This Is Jan Howard Country is a studio album by American country music artist Jan Howard. The album was released in October 1967 on Decca Records and was the fourth studio album of her career. The disc featured two singles by Howard that reached the top 40 of the Billboard country songs chart. It was also among Howard's highest-charting studio albums, reaching the top ten of the Billboard country albums chart.

Background and content
Jan Howard was considered among country music's most successful female artists during the sixties decade. Both as a solo artist and as a collaboration with Bill Anderson, she had a series of top ten and top 20 singles. Among her studio albums of the decade was This Is Jan Howard Country.

The disc was recorded in three separate sessions between 1966 and 1967. These sessions were recorded at Bradley's Barn, located in Nashville, Tennessee. The album was produced by Owen Bradley, Howard's collaborator through most of her Decca studio releases. The album featured among the first covers of "Gentle on My Mind". According to the album liner notes, songwriter John Hartford had played the song for Howard's friend, Bill Anderson.
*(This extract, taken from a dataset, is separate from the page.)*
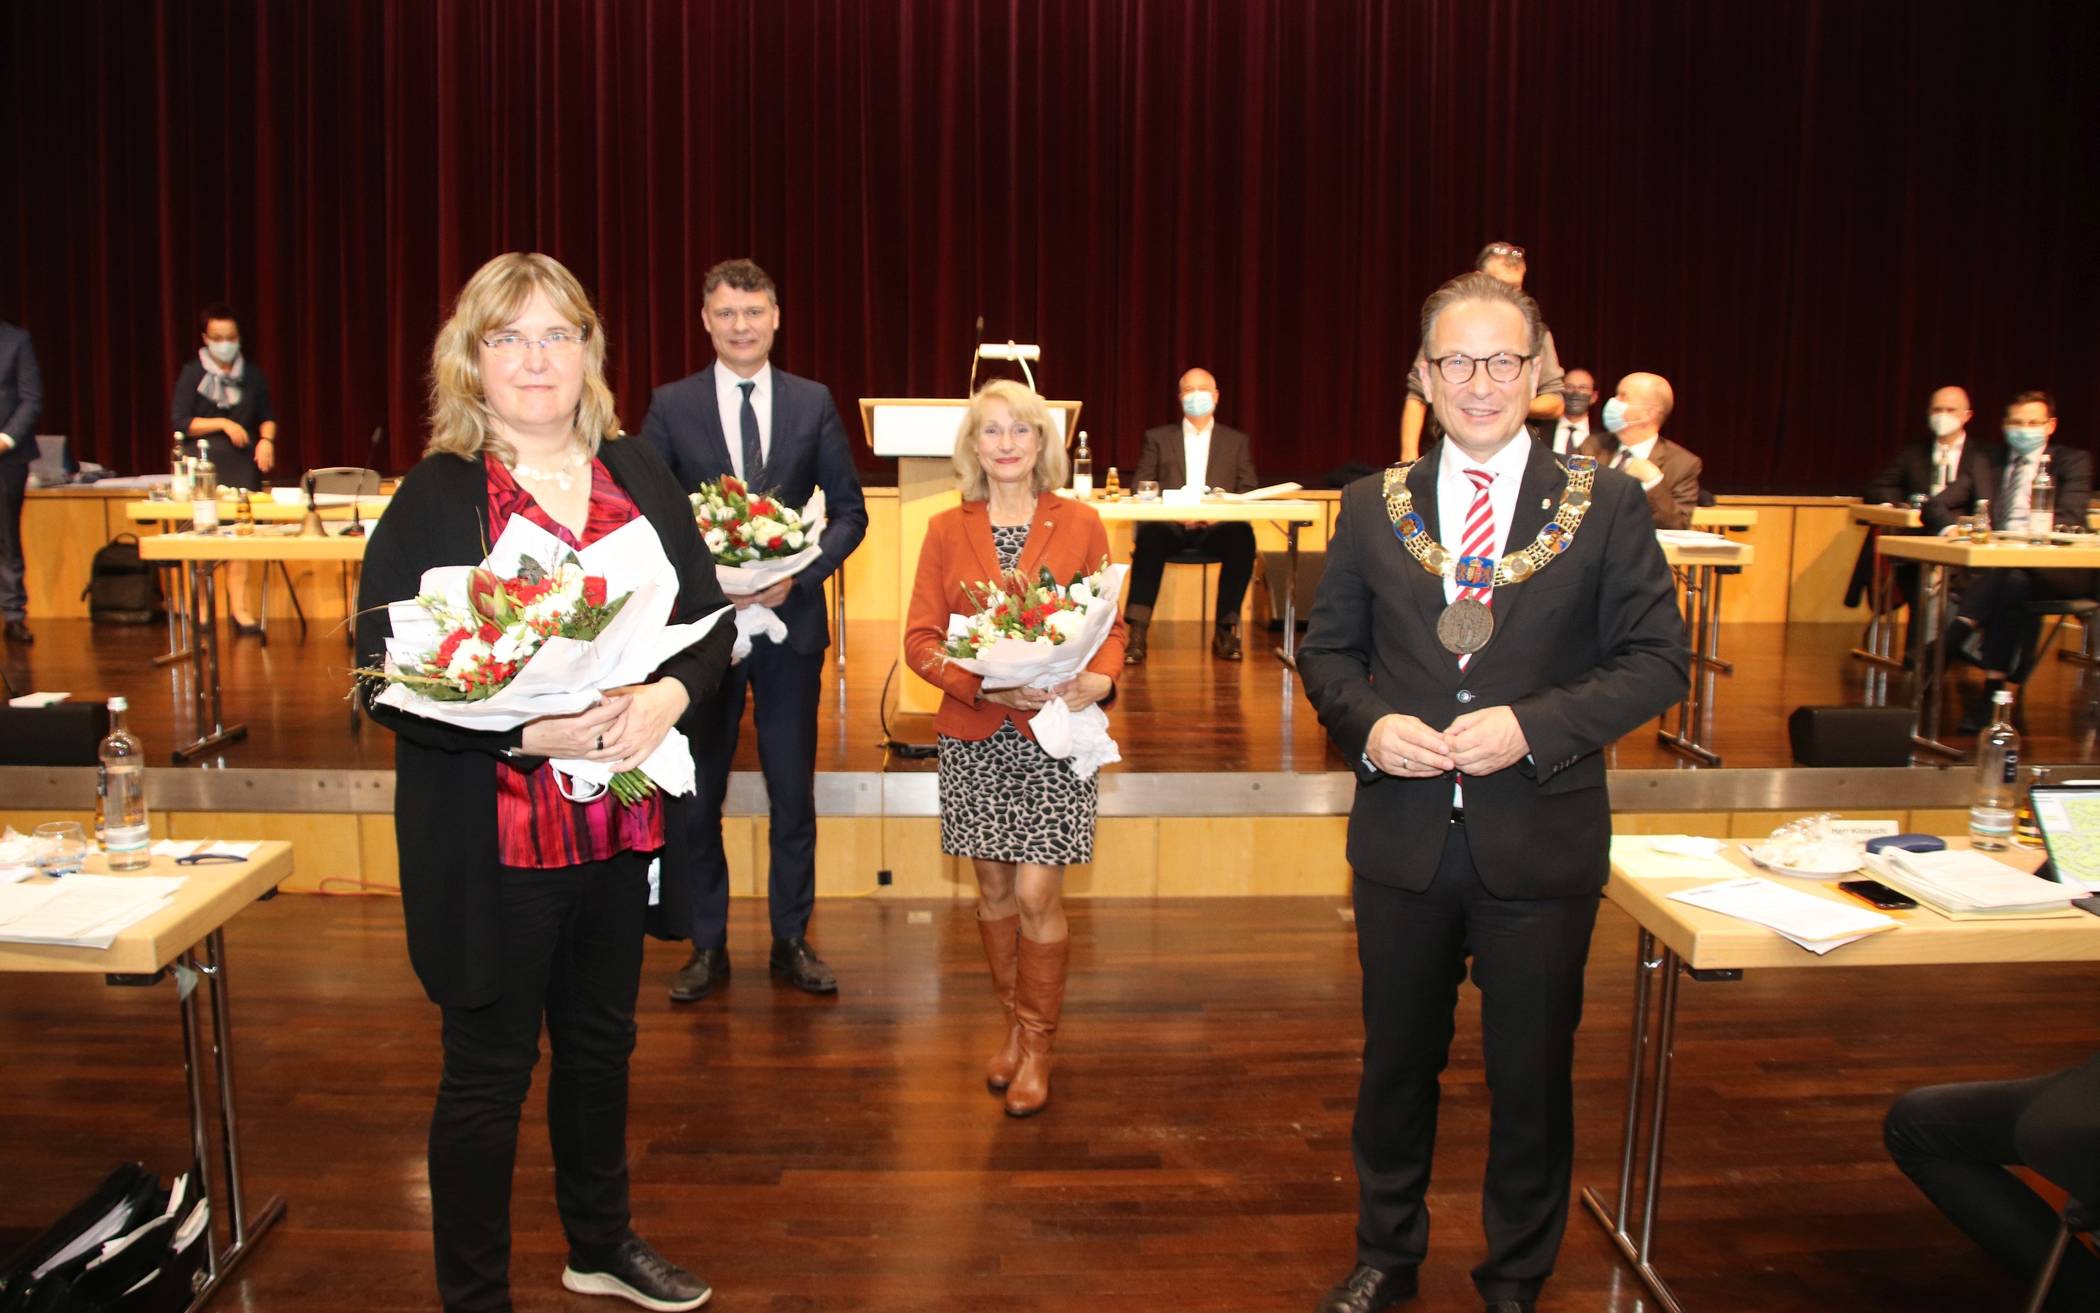  Bürgermeister Reiner Breuer (r.) und seine Stellvertreter (v.l.) Susanne Benary (Grüne), Dr. Jörg Geerlings (CDU) und Gisela Hohlmann (SPD).

He encouraged Howard to record the track. Hartford "reworked the lyrics" for Howard, since it was originally written from the point of view of a man. 

The album consisted of 12 tracks. Six songs appeared on each side of the record. It featured several covers versions of songs recorded by other artists. Among these tracks was Eddy Arnold's "You Don't Know Me", Dolly Parton's "Your Ole Handy Man" and Tammy Wynette's "Your Good Girl's Gonna Go Bad".

Release, chart performance and singles
This Is Jan Howard Country was released in October 1967 via Decca Records. The album was issued in the United States in a vinyl record format. Six songs appeared on each side of the record. On the date listed for January 20, 1968, the album peaked at number 9 on the Billboard Top Country Albums chart. It would become Howard's highest-charting solo album to appear on the country albums list. 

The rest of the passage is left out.